╭─ DATA EXCERPTS
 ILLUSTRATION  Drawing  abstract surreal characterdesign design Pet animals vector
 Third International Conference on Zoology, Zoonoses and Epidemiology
╰─
╭─ DATA EXCERPTS
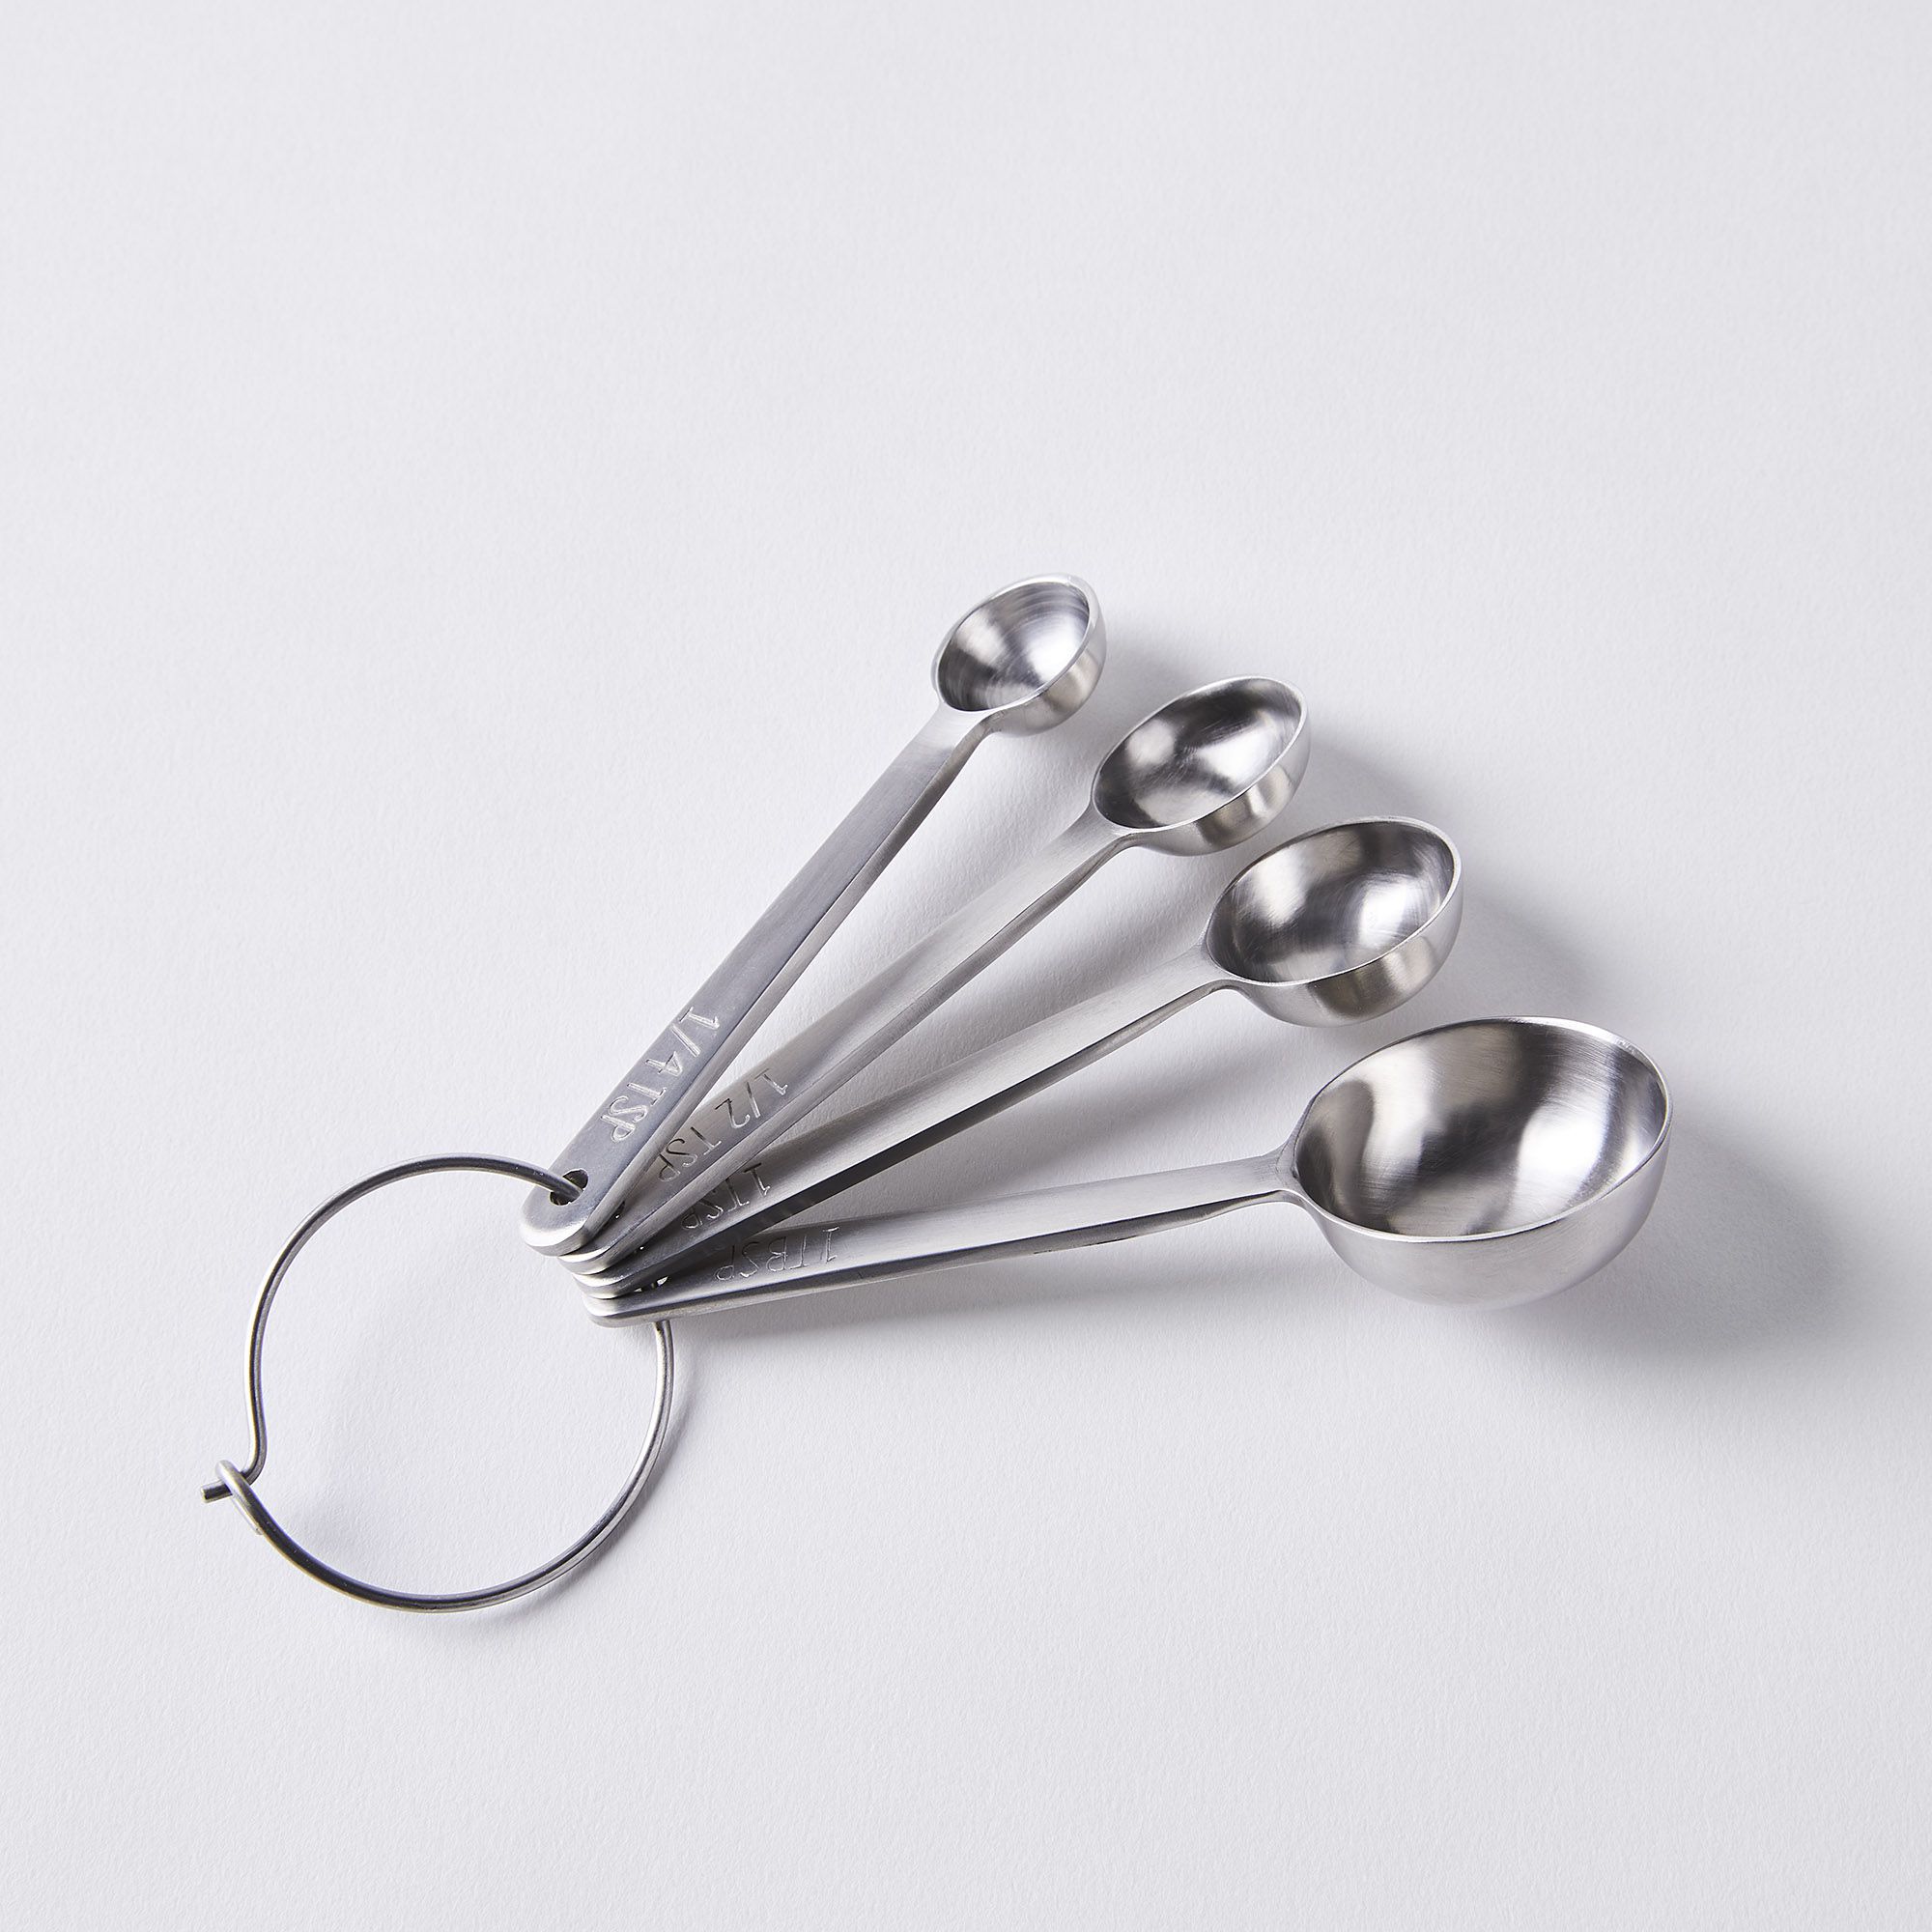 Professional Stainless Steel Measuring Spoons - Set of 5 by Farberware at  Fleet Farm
╰─
╭─ DATA EXCERPTS
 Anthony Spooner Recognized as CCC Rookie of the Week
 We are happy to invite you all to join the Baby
╰─
● **BRIEF**: Find where the line with "Pet animals vector" sits in the material above, then copy exactly from it through the line with "Third International Conference". Add no other line.

● **RESULT OF THE EXERCISE**:
 ILLUSTRATION  Drawing  abstract surreal characterdesign design Pet animals vector
 Third International Conference on Zoology, Zoonoses and Epidemiology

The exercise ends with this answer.